Les efforts du président ont probablement violé une loi fédérale interdisant d’entraver « de manière corrompue » toute procédure officielle, ou de tenter de le faire, a déclaré David Carter, le juge fédéral californien chargé de l’affaire, dans une ordonnance écrite du 28 mars.
Lors d’une audience aux heures de grande écoute jeudi, les membres du comité ont allégué que Trump avait regardé la violence au Capitole américain se dérouler en direct à la télévision et n’avait pas réussi à l’empêcher. Des témoins ont témoigné de la réticence de Trump à dire aux émeutiers de partir pendant des heures après avoir percé le bâtiment.
Jennifer Rodgers, ancienne procureure fédérale et chargée de cours à la Columbia Law School, a déclaré qu’un procureur inclurait ce témoignage s’il devait juger Trump pour obstruction, car cela montrerait son intention à l’époque.
« (Trump) a été exhorté par tout le monde autour de lui à agir, à essayer de faire quelque chose pour l’arrêter, et il a choisi de ne pas le faire », a déclaré Rodgers.
COMPLOT EN VUE DE FRAUDE LES ÉTATS-UNIS
Dans le dossier du 2 mars, le comité a déclaré qu’il était probable que Trump et d’autres aient conspiré pour frauder les États-Unis, ce qui criminalise tout effort de deux personnes ou plus pour interférer avec les fonctions gouvernementales « par tromperie, ruse ou ruse ».
En plus des efforts de Trump pour faire pression sur Pence, le comité a cité ses tentatives pour convaincre les responsables électoraux de l’État, le public et les membres du Congrès que l’élection de 2020 a été volée, même si plusieurs de ses alliés lui ont dit qu’il n’y avait aucune preuve de fraude.
Cassidy Hutchinson, un assistant du chef de cabinet de la Maison Blanche de l’époque, Mark Meadows, a précédemment déclaré que Trump était tellement enragé par l’interview du procureur général de l’époque, Bill Barr, avec l’Associated Press, affirmant qu’il n’y avait aucune preuve de fraude électorale que Trump avait jeté son déjeuner au mur, cassant un plat en porcelaine et laissant du ketchup couler sur le mur.
COMPLOT SEDITIEUX ?
Les procureurs ont déjà inculpé plus d’une douzaine de membres des groupes d’extrême droite Proud Boys et Oath Keepers qui participaient à l’émeute du 6 janvier pour complot séditieux, une loi rarement utilisée qui rend illégal le renversement du gouvernement américain par la force.

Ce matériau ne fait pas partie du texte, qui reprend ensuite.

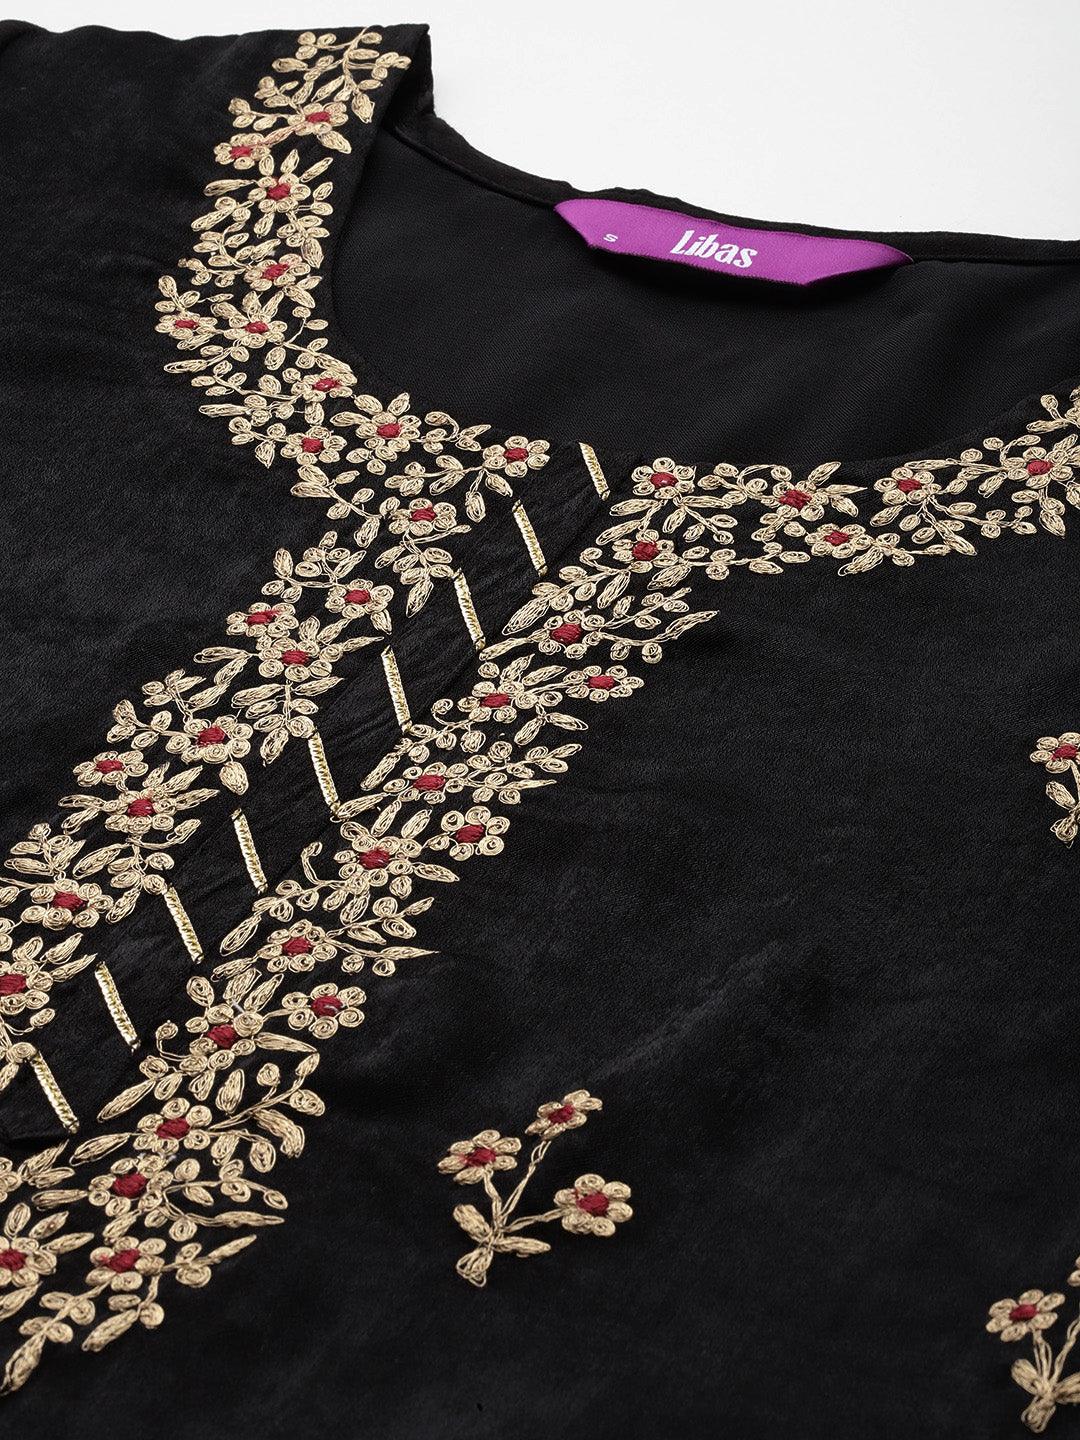 Black Embroidered Polyester Straight Kurta With Trousers - Libas

Pour prouver que Trump a commis un complot séditieux, les procureurs devraient montrer qu’il a conspiré avec d’autres pour utiliser la force.
Rodgers a déclaré qu’un procureur pourrait utiliser l’inaction de Trump pour renforcer une telle accusation, y compris un témoignage selon lequel il savait qu’il était la seule personne capable de faire quitter le Capitole aux émeutiers.
LA DÉFENSE DE TRUMP ?
Trump a nié à plusieurs reprises avoir fait quoi que ce soit d’illégal en relation avec les événements du 6 janvier.
Dans une série de publications sur sa plateforme de médias sociaux Truth Social jeudi, Trump a attaqué le panel de la Chambre, mais a maintenu ses fausses affirmations selon lesquelles les élections de 2020 avaient été volées. « Tant de mensonges et de fausses déclarations de la part du comité de désélection corrompu et hautement partisan ! » il a écrit.
Si le ministère de la Justice devait porter des accusations, le principal défi des procureurs serait de prouver que Trump a agi avec une intention corrompue, ont déclaré des experts.
Trump pourrait soutenir qu’il croyait sincèrement qu’il avait remporté les élections et que ses efforts bien documentés pour faire pression sur Pence et les responsables électoraux des États n’étaient pas destinés à entraver le Congrès ou à frauder les États-Unis, mais à protéger l’intégrité des élections.
CELA SIGNIFIE-T-IL QUE TRUMP SERA ACCUSÉ CRIMINELLEMENT ?
Non. Ni Carter ni le comité ne peuvent accuser Trump de crimes fédéraux. Cette décision devrait être prise par le ministère de la Justice, dirigé par le procureur général Merrick Garland.
Le département mène sa propre enquête sur les événements du 6 janvier. Toute décision d’inculper Trump aurait d’énormes conséquences politiques alors que l’ancien président envisage une nouvelle course à la Maison Blanche en 2024. Le département n’a pas répondu à une demande de commentaire.
(Reportage de Luc Cohen à New York et Jacqueline Thomsen à Washington; Montage par Noeleen Walder et Daniel Wallis)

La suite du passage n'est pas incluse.